Colin, à qui je confiai nos doutes, fut d’un avis contraire : C’est pas vrai, dit-il, qu’Emmanuel peut pas rester chaste. À vingt ans, pendant deux ans, moi qui te parle, j’ai vu Emmanuel ne pas toucher aux femmes. Deux ans. Coureur il était avant, et coureur il fut après, et pas qu’un peu, mais pendant ces deux ans, rien. Si tu veux mon avis, il y a une fille qui l’avait beaucoup chagriné.

Il ajouta : Et puis, tu connais pas Emmanuel. C’est un scrupuleux. Il ferait pas une chose pareille. Emmanuel, il a jamais fait une vacherie à une fille. Ça serait plutôt le contraire. C’est pas l’homme à abuser, ça non, jamais.

Je lui demandai alors son avis sur la situation telle qu’il la voyait. Ben, il l’aime, dit-il, et la façon qu’il l’aime, je pourrais pas dire. Évidemment, ça étonne un peu, vu qu’Évelyne est un petit chat maigre, et Emmanuel jusqu’ici, les femmes, plus y avait de quoi, plus il était content.
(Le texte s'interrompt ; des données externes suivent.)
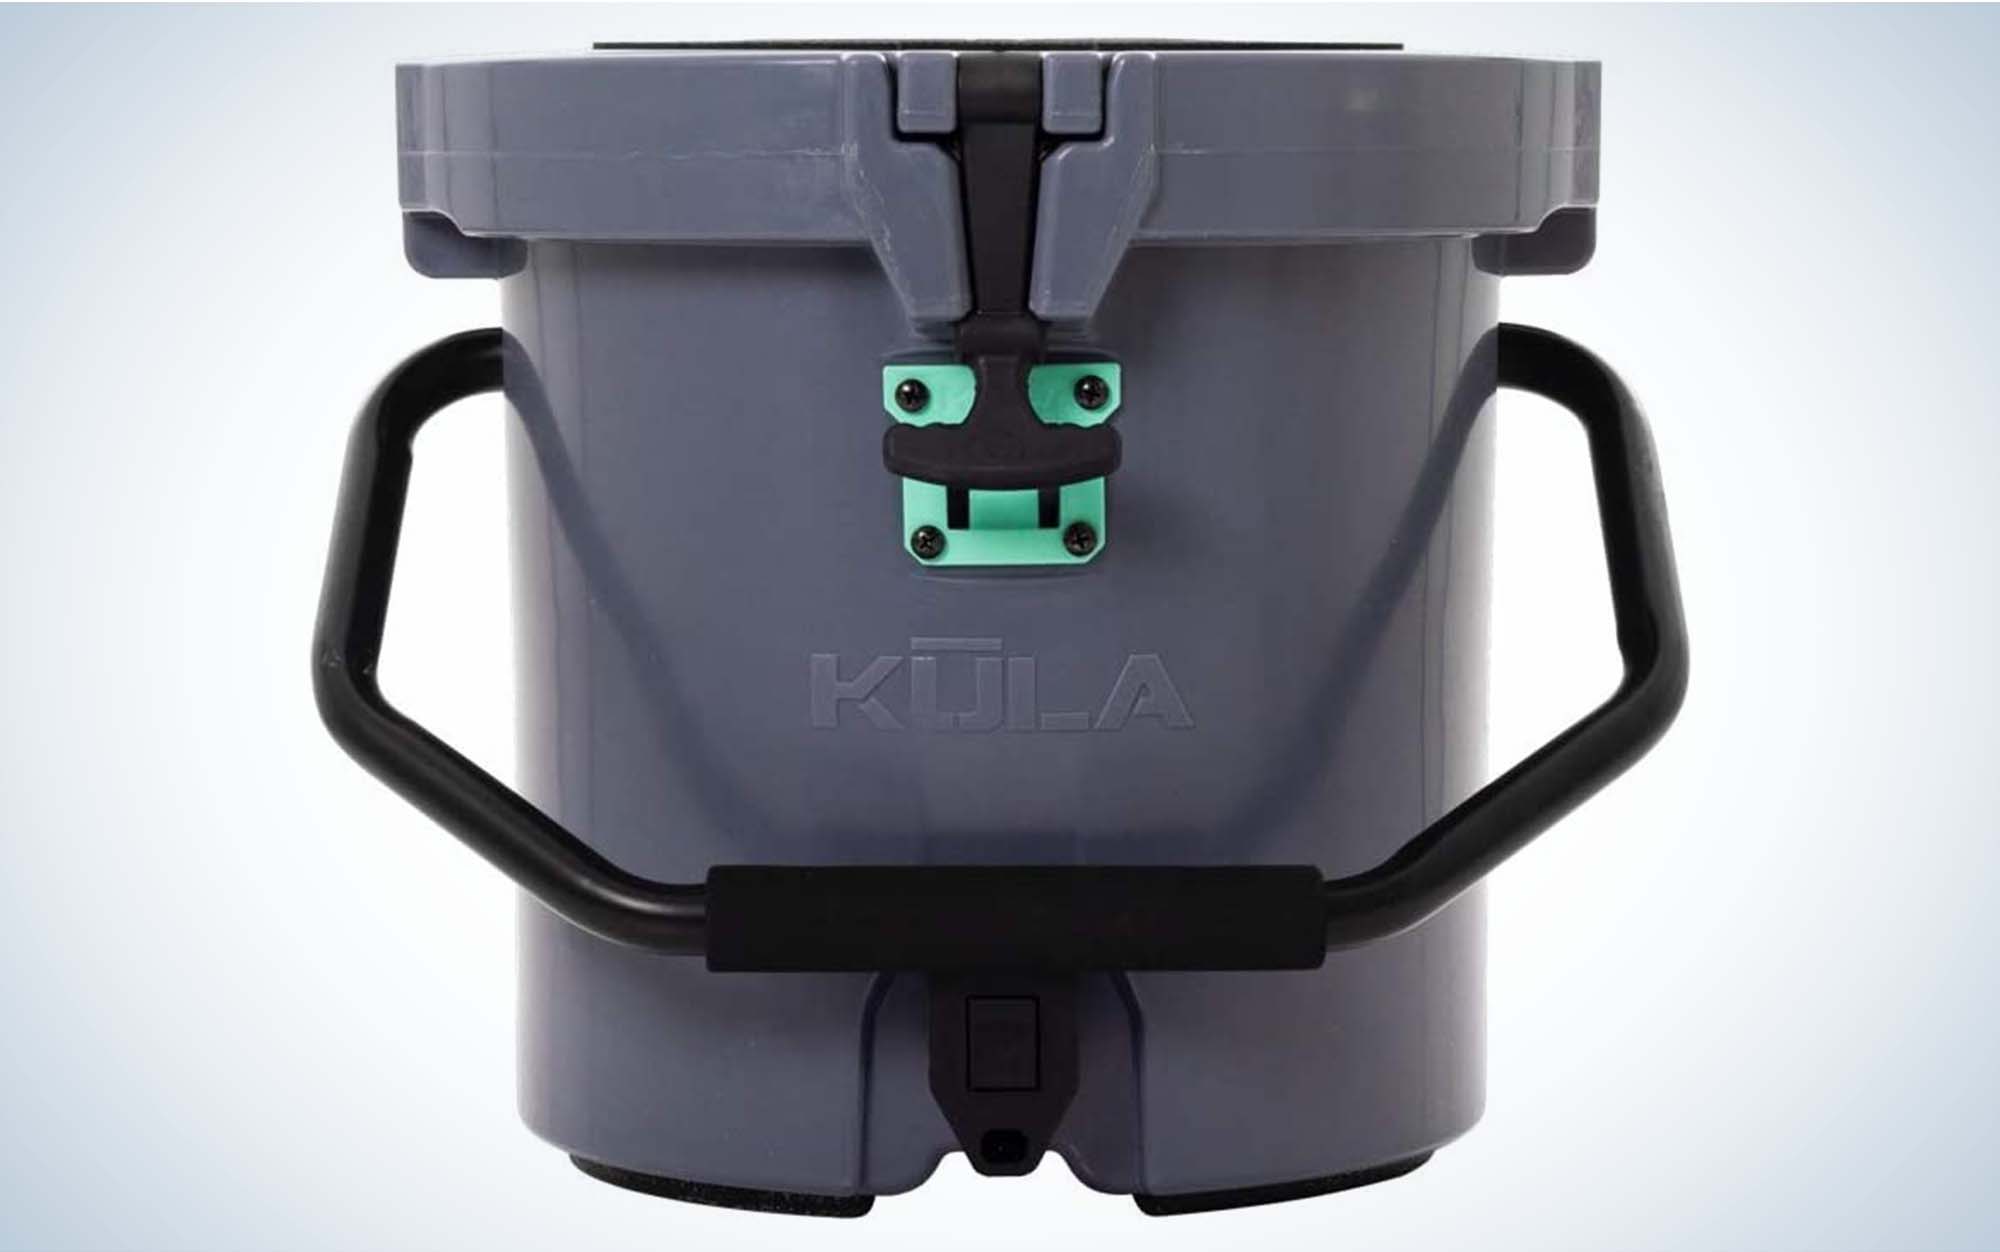 The Kula 2.5 is the best overall small cooler.

Ça étonne aussi, vu qu’Évelyne a quatorze ans et qu’elle est même pas jolie, à part les yeux. Mais ce qui est de la toucher, non. Tu peux faire une croix là-dessus. C’est pas le genre.

Je dois dire que Catie, dans la suite, se rangea aussi à cet avis, car s’étant donné pour tâche de « les observer », elle ne découvrit jamais aucun indice qui pût étayer ses soupçons.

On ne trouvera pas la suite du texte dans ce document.